CóLERA
ONU aponta avanços no combate à cólera em Angola
29/07/2026 09h12
Luanda - Mais de 3,6 milhões de pessoas foram vacinadas contra a cólera, em três campanhas de vacinação oral, realizadas em 2025, segundo um relatório da Organização das Nações Unidas (ONU), em Angola.
De acordo com o documento apresentado esta terça-feira, em Luanda, a ONU destaca que o número de pessoas alcançadas permitiu reduzir substancialmente o risco de transmissão, em áreas de alto risco.
Segundo o relatório, que elogia progressos na saúde pública do país, em 2025, com o apoio da ONU, a taxa de letalidade caiu de 6,9 por cento, no início de Janeiro do ano passado, para 2,4 por cento, em Dezembro do mesmo ano.
A resposta à cólera apoiada pela ONU permitiu igualmente a distribuição de 4,2 toneladas de hipoclorito de cálcio e 25 mil 850 kits familiares para combater a doença.
O acesso a água potável foi restabelecido para quase 25 mil pessoas, através da reabilitação de 14 sistemas de abastecimento.
Um total de 14,35 milhões de doses de vacina contra a poliomielite foi distribuído em duas campanhas de vacinação contra a doença para manter a imunidade da população.
Por seu lado, a campanha nacional de vacinação contra o HPV alcançou 1,28 milhões de adolescentes do sexo feminino, com idades entre os 09 e 12 anos, e coloca Angola como uma referência regional para a eliminação do cancro do colo do útero.

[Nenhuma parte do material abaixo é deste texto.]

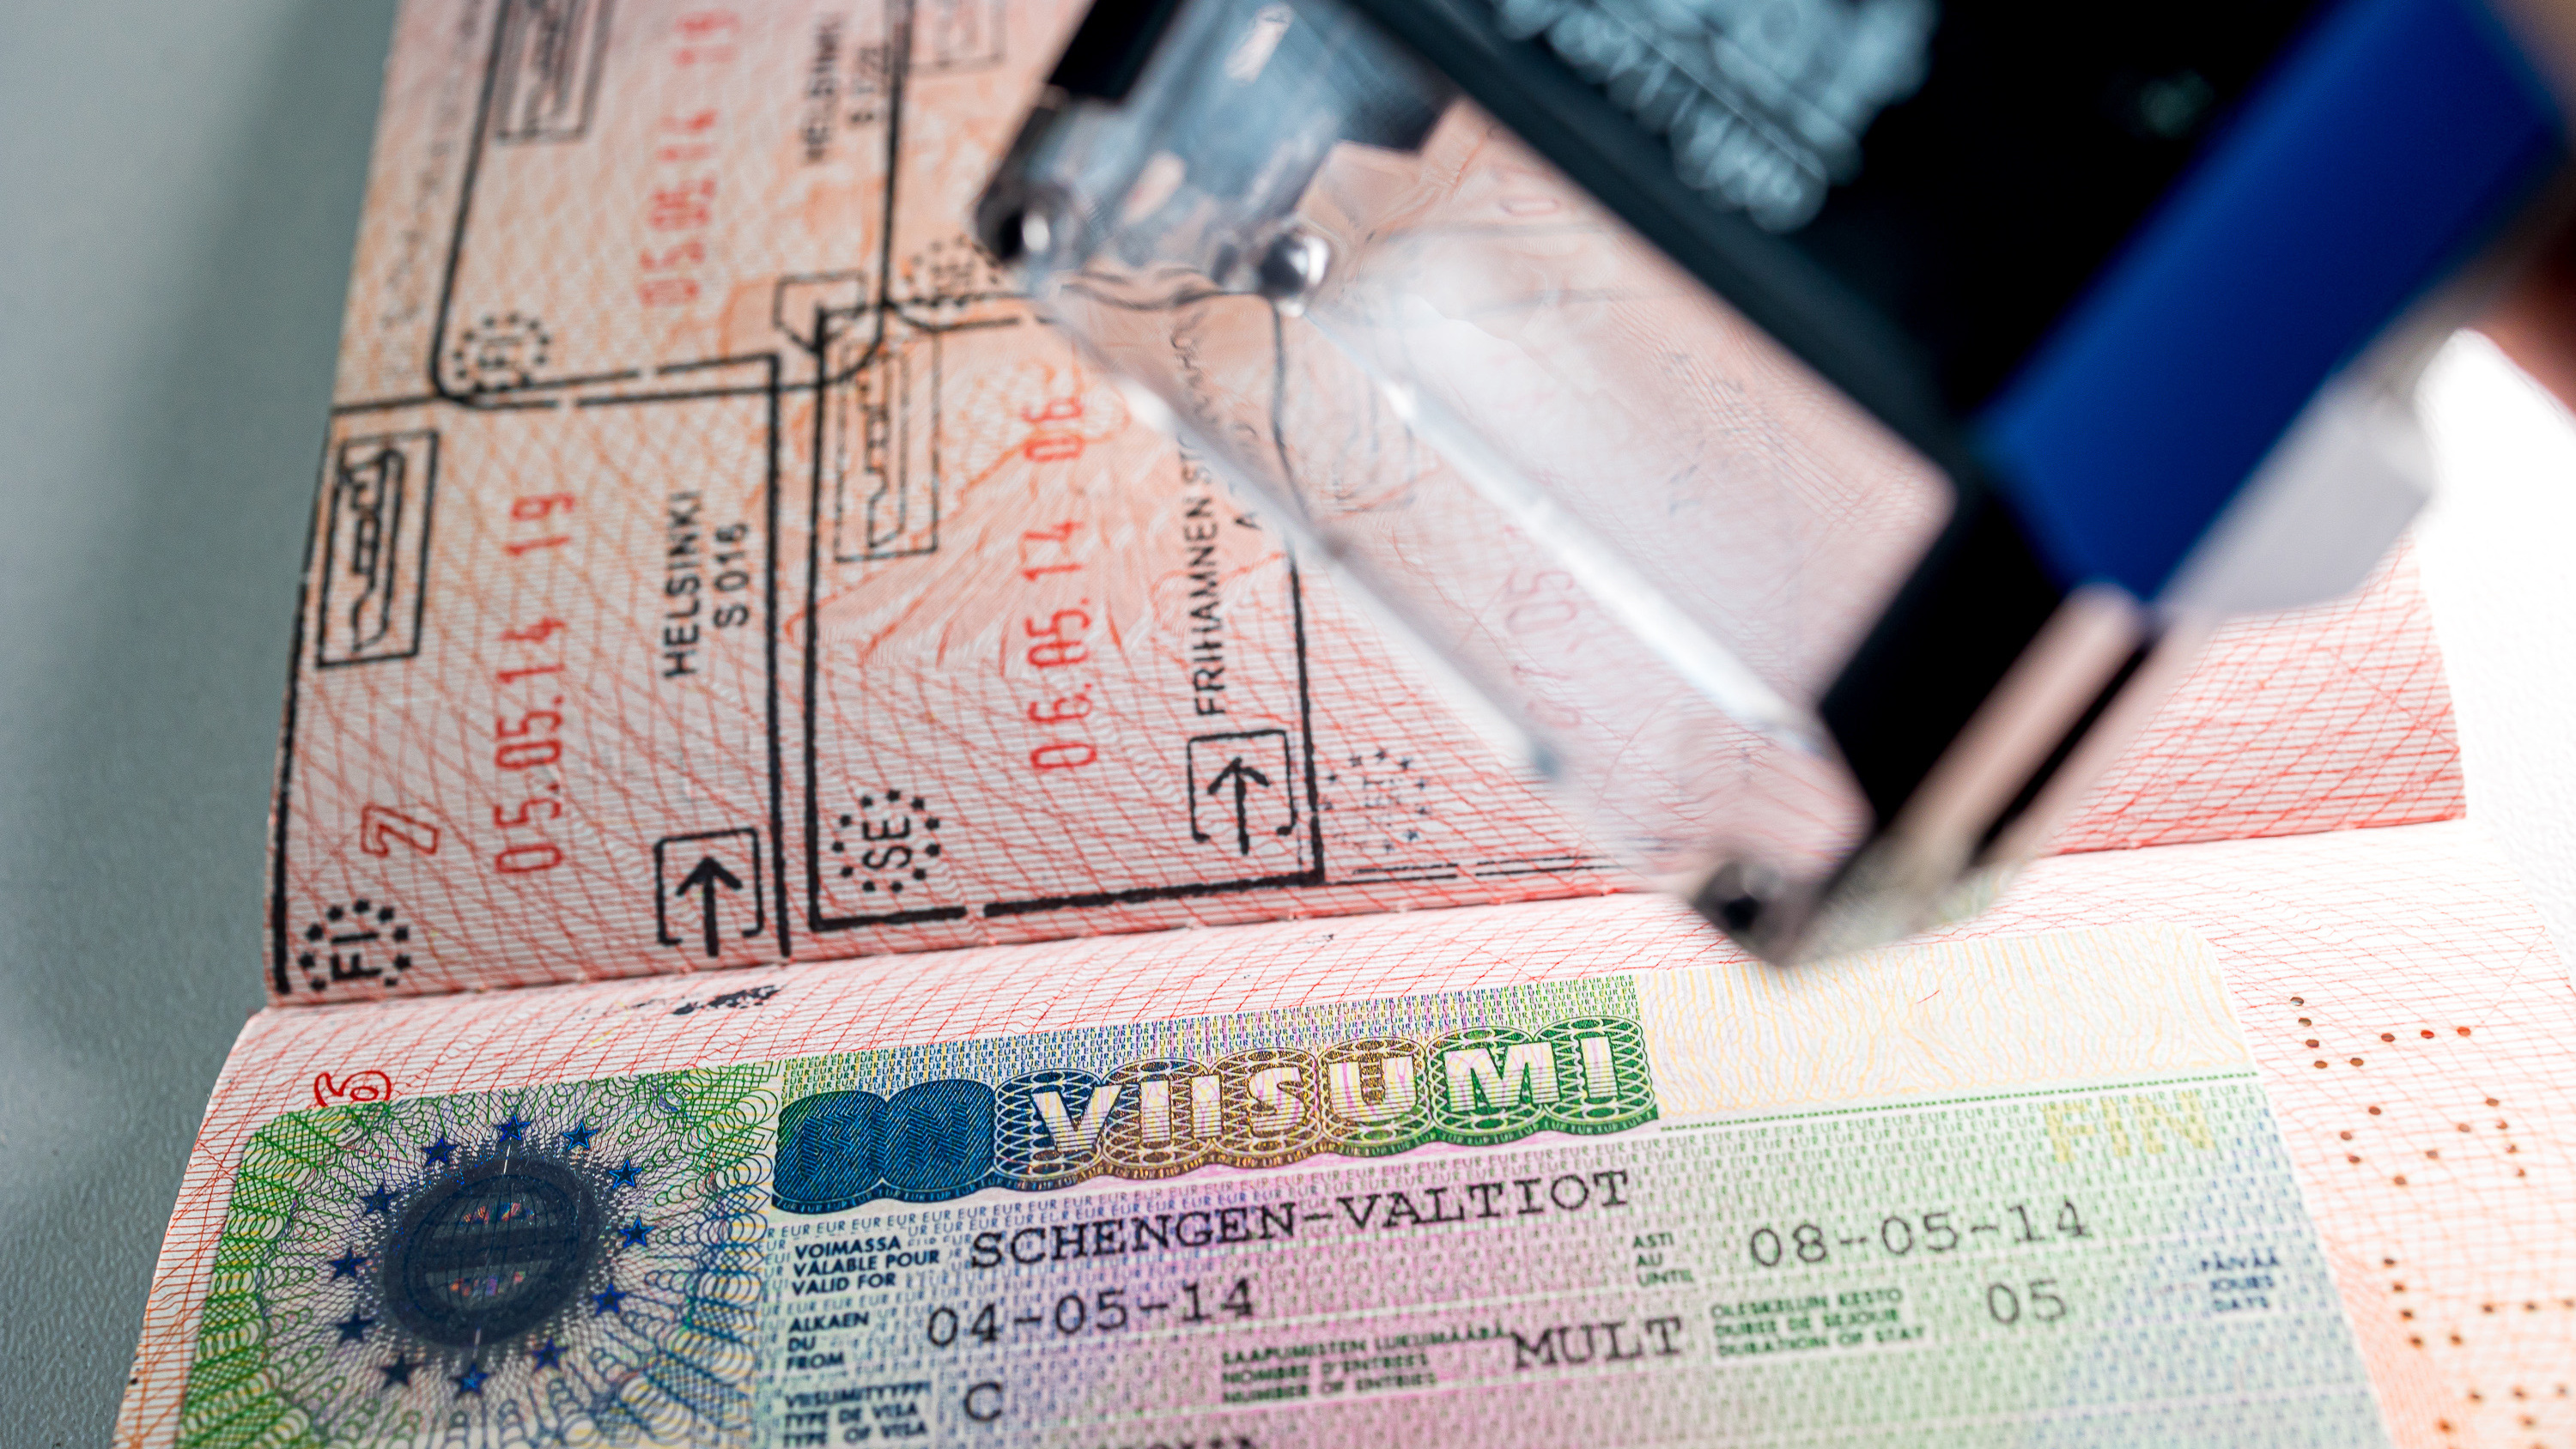 Как получить длинную шенгенскую визу в новых условиях. Неужели реально? Личный опыт

Os progressos na saúde materno-infantil foram igualmente destacado no relatório da ONU, que cita como exemplo a mortalidade neonatal, que diminuiu de 24 para 16 por cada mil nados vivos.
A mortalidade materna baixou de 239 para 170 por cada 100 mil nados vivos, entre os anos 2015-2016 e 2023-2024.
De acordo com o relatório, estas melhorias foram impulsionadas pelo apoio da ONU no reforço dos cuidados de saúde primários, actualização dos protocolos clínicos, melhoria do acesso a serviços de qualidade e formação da força de trabalho.
A ONU apoiou o desenvolvimento da caderneta de Saúde Materno-Infantil em braille, ampliando o acesso para mulheres com deficiência visual, além da impressão dessas cadernetas para mulheres grávidas em províncias rurais.
Além disso, 200 profissionais de saúde, entre enfermeiros e médicos, receberam formação em cuidados neonatais.